Oh my god, opening the door to blue checkmarks for eight dollars has unleashed all sorts of fun. ( you can’t see it in the preview, but this account does have a blue check)
I thought it was hilarious that Musk thought the $8 barrier would keep the impersonators away. He is keeping that $8 though when he bans them! That’ll show’em!!!
Since Mythbusters debunked the bull in a china shop saying I’m guessing the phrase will soon morph into “a Musk in a Twitter”.
" Musk and his team were unable even to tweet from the @twitter account."
True. I don’t think it was making money, but it was worth enough for people to buy it for many billions. Now, not sure the company could be given away.
Holy cow, Yoel Roth, Twitter’s head of security, resigned today. He’s been one of the few execs still being positive over the last couple of weeks, but I guess he’d had enough.

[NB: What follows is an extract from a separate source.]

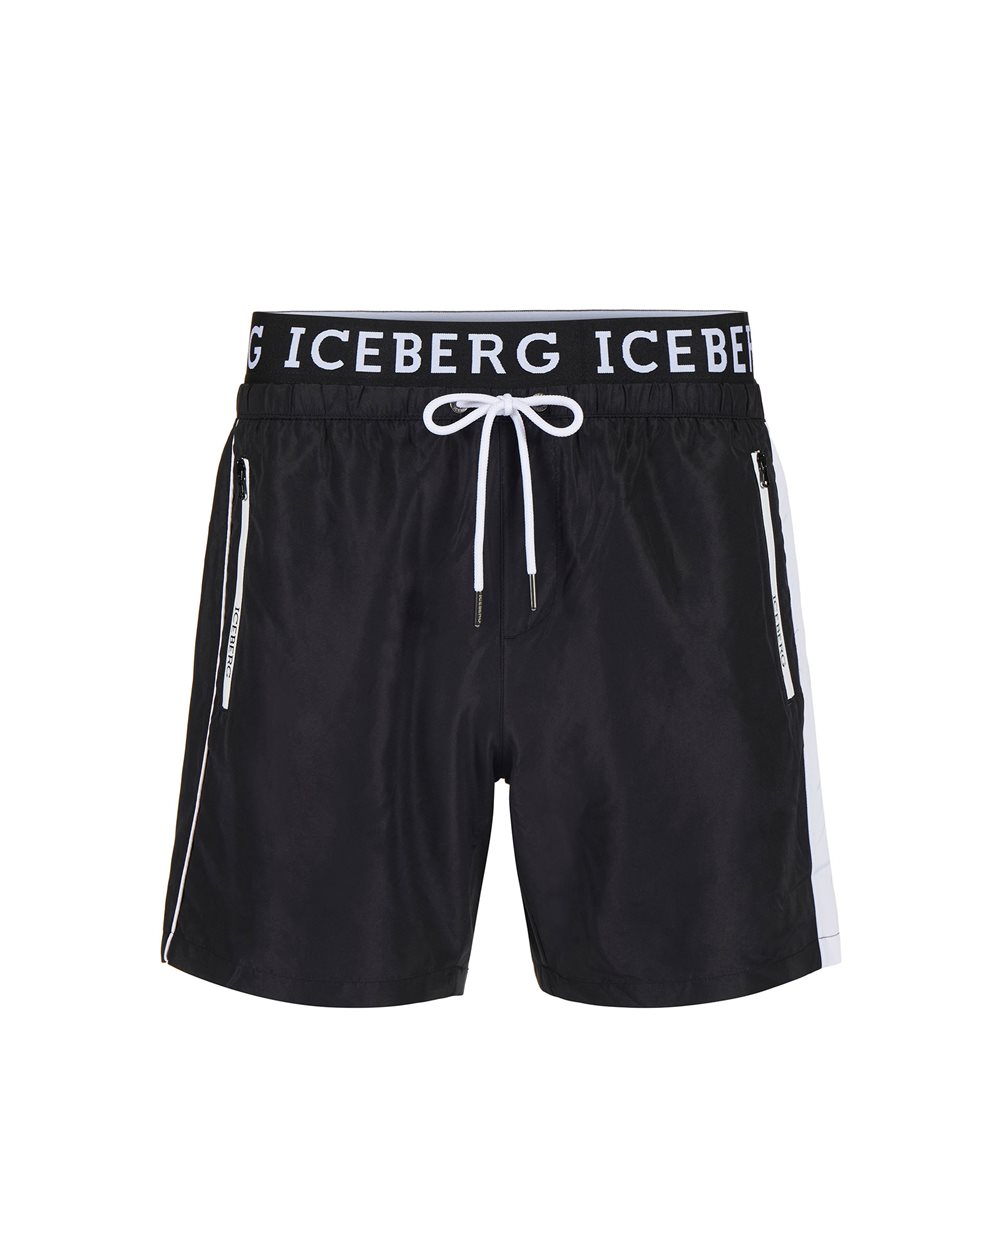 Swim trunks with logo -  ( SECONDO STEP DE ) PROMO SALDI UP TO 40% | Iceberg - Official Website
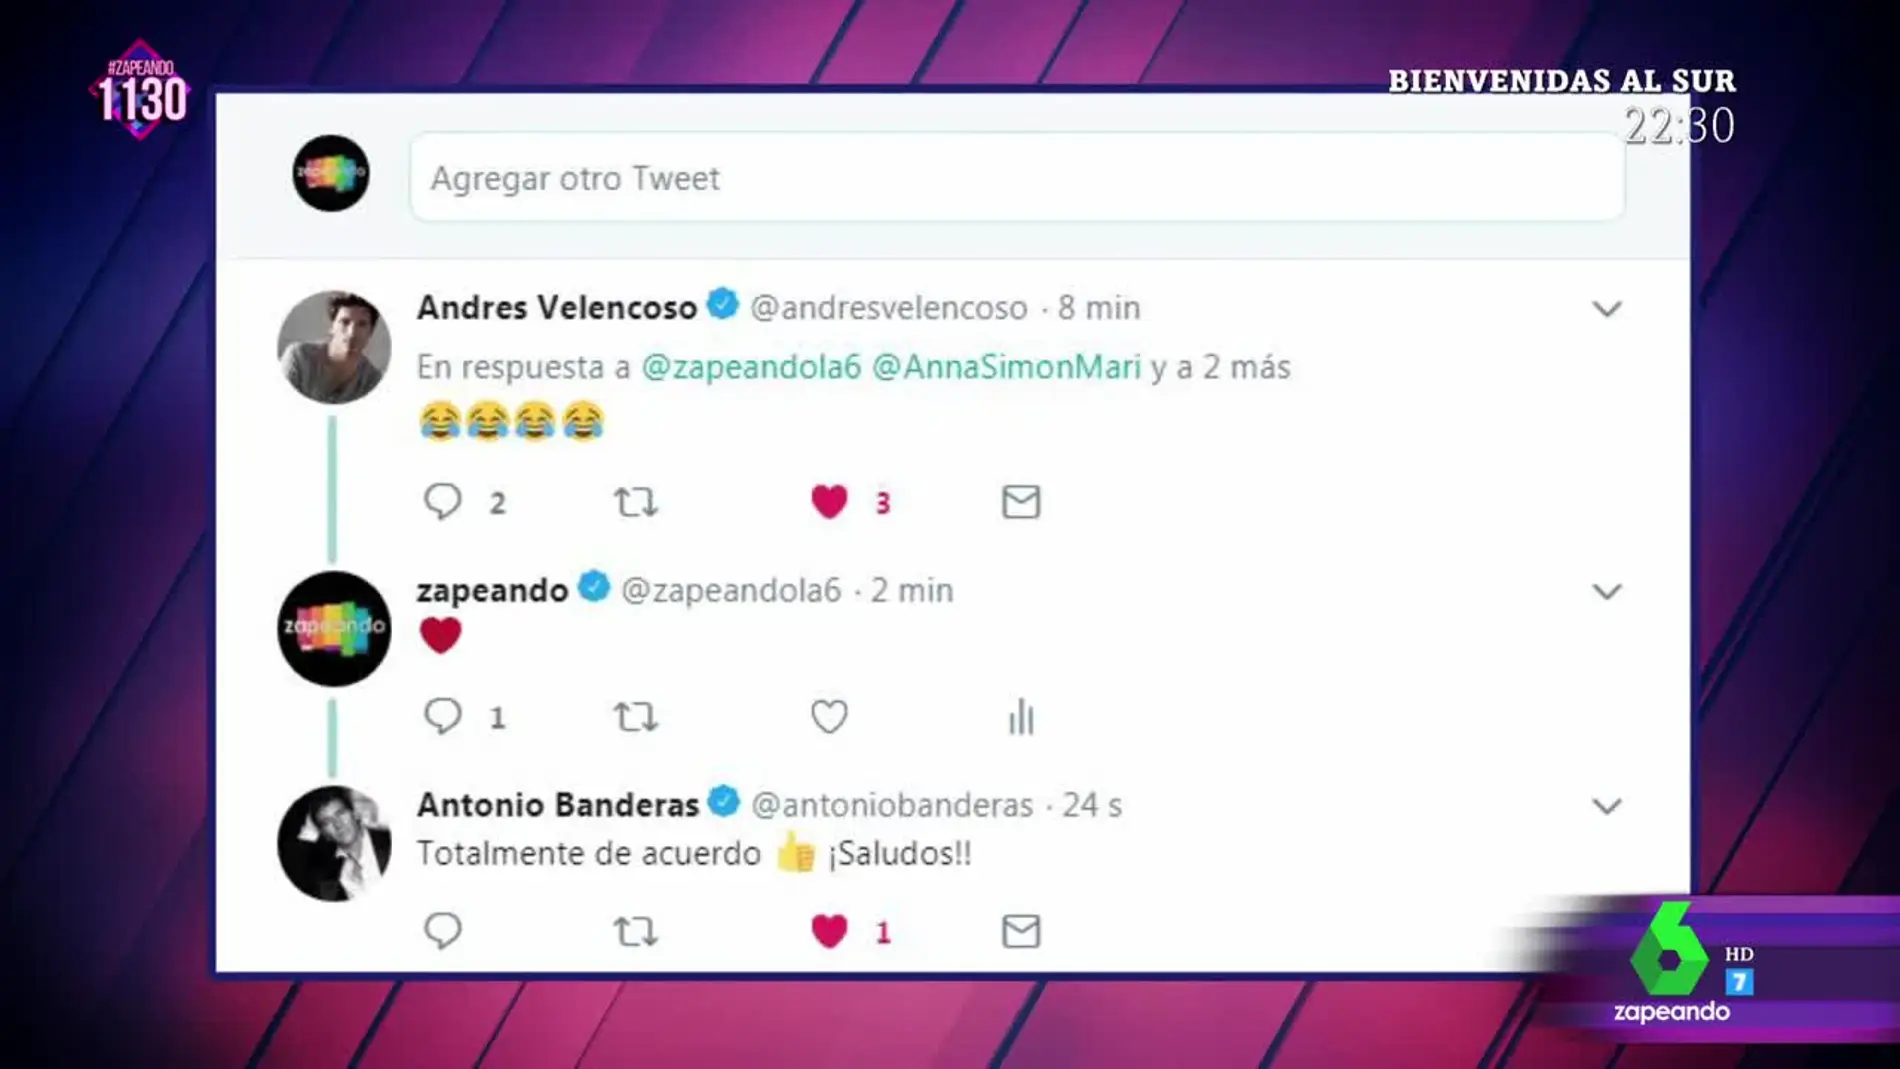 La respuesta de Antonio Banderas y Andres Velencoso a la sugerencia de Zapeando de ser ministros del nuevo Gobierno

Aside from all the other mistakes Musk has made with the Twitter takeover, he is trying to install the same type of workforce and culture that SpaceX and Tesla have… at Twitter. It’s one thing to convince a young engineer to dedicate their waking hours to build cutting-edge spaceships and to be apart of something special, or perhaps to a lesser extent to design and build electric cars, but to work on Twitter? It doesn’t seem like the same sort of rewarding work. I can’t imagine the workforce mood right now. Mass layoffs kill morale. They might as well just fire everyone and start from scratch. This bunch is ruined.
Not just social media; it’s all media. Yes, you can listen to the radio or watch TV for free, but you’re subjected to advertising. The TV/radio stations’ customers don’t include you. Their customers are advertisers; you are simply the product. And the more of you there are, the more that the TV/radio stations can charge advertisers.
It’s the same for print media. That $2 you paid for today’s paper or that $5.99 you paid for a magazine covers the cost of printing and distribution. And that’s pretty much it. You may think you’re a customer, because you bought the physical media, but you’re just another pair of eyeballs that the publisher can sell to advertisers–the customers from whom media companies really make their money.
I’m not surprised that Musk doesn’t understand this. Yes, he made Tesla succeed, and yes, he shoots up rockets, but he has shown that he doesn’t understand media at all. Allow unwelcome and/or controversial and/or downright nasty and insulting viewpoints, and you’ll be losing reasonable users and their eyeballs. Which will make advertisers pull out, since their advertising is no longer reaching the number or kind of people (i.e. product) they want it to. The product is no longer there, in other words, so advertisers demand lower rates, or abandon the platform completely.